The film begins in a somewhat similar fashion to Badlands, as its story is sparked by an act of violence that forces two young lovers to go on the run. After he’s blamed for an accident at a Chicago labor factory, the young steelworker Bill (Richard Gere) flees authorities with his girlfriend Abby (Brooke Adams) and settles in the Texas Panhandle. The two mask their identities, but instead of focusing on the simmering tension of their secrets being revealed, Days of Heaven finds a fractured romance when Abby is courted and married by a local farmer (Sam Shepard). Bill is forced to leer in the background as Abby becomes accustomed to her new life.

1. The Tree of Life

the-tree-of-life
Image via Fox Searchlight

Few filmmakers would dare to make a film aiming to encapsulate the totality of existence; Stanley Kubrick’s 2001: A Space Odyssey is the only thing that comes close in its ambition. Saying that Malick is “perfect” for the task may feel like an overreach, but his unique ability to explore the macro through the micro gives the director freedom to build up to his grandiose statements with a personal touch.

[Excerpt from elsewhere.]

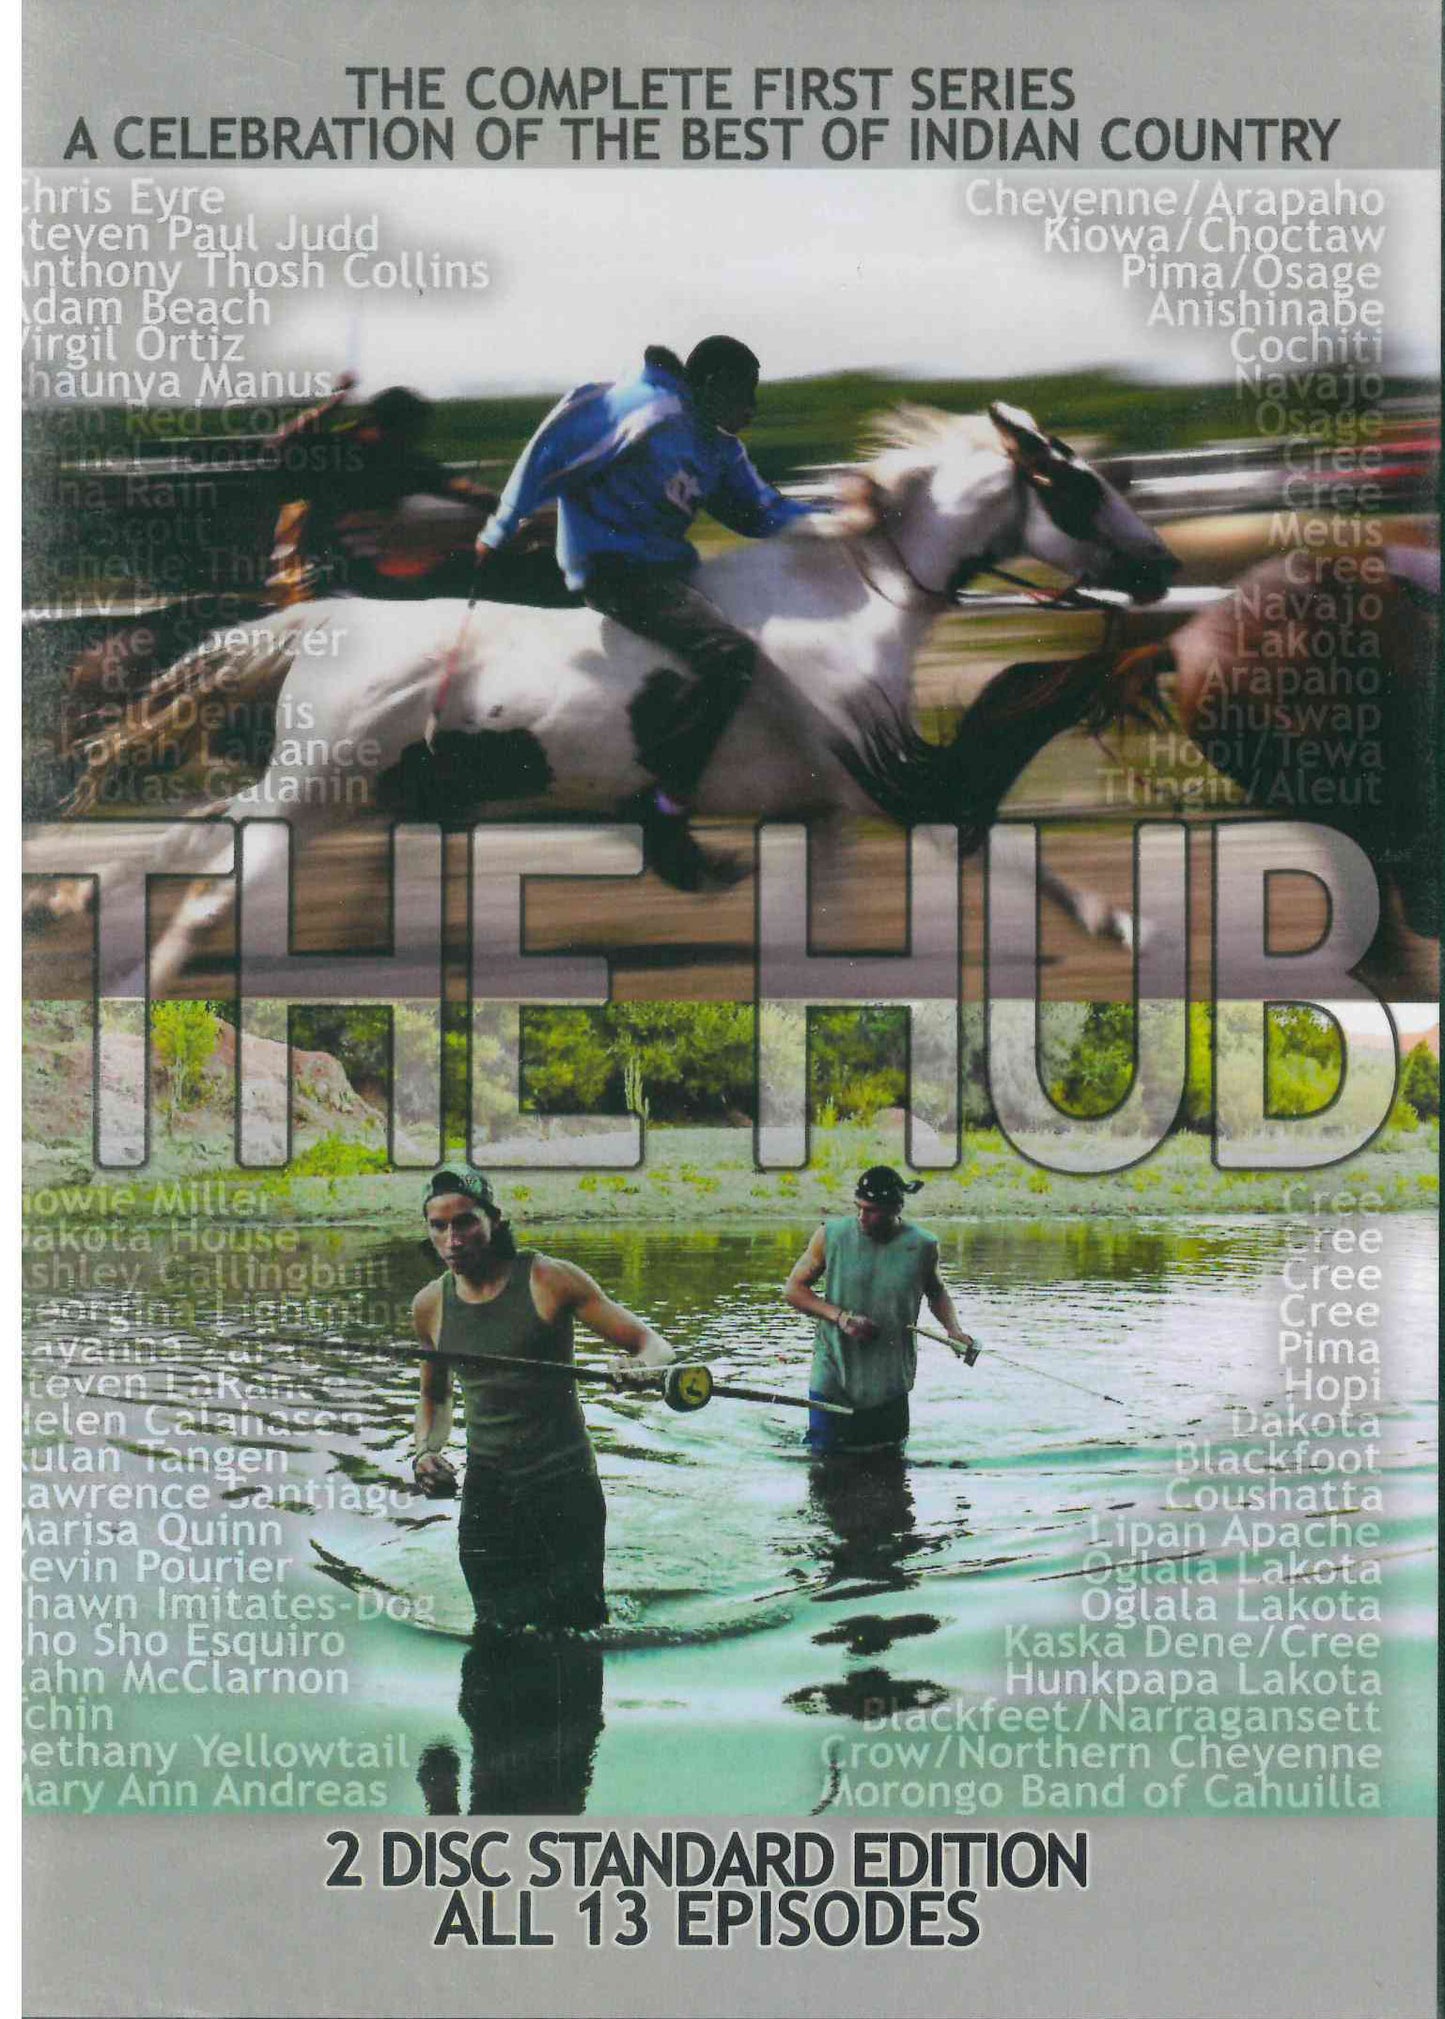 The Hub DVD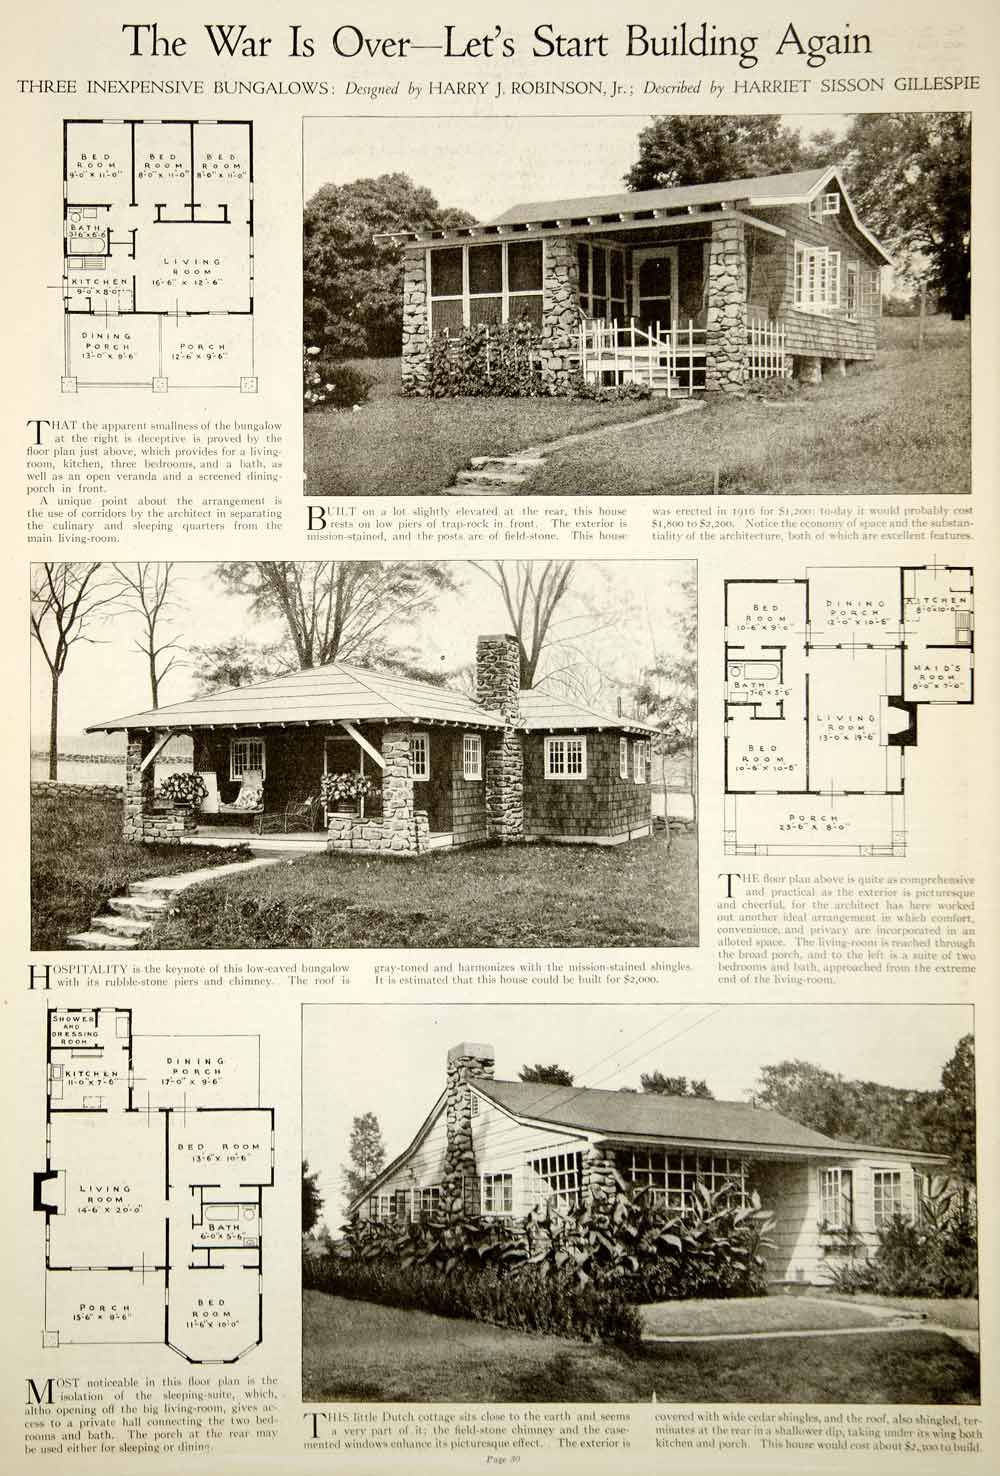 1919 Print Bungalow Home Architectural Design Floor Plans Harry J. Robinson Jr.

The Tree of Life is a film about the origins of the universe, but it's about a young boy’s childhood in the suburbs of Texas (parallels to Malick’s own adolescence are evident). Young Jack O’Brien (Hunter McCracken) struggles to define himself as he’s caught between the warring influences of his aggressive father (Brad Pitt) and his loving mother (Jessica Chastain). Malick elegantly segways between these intimate memories to the larger questions about existence.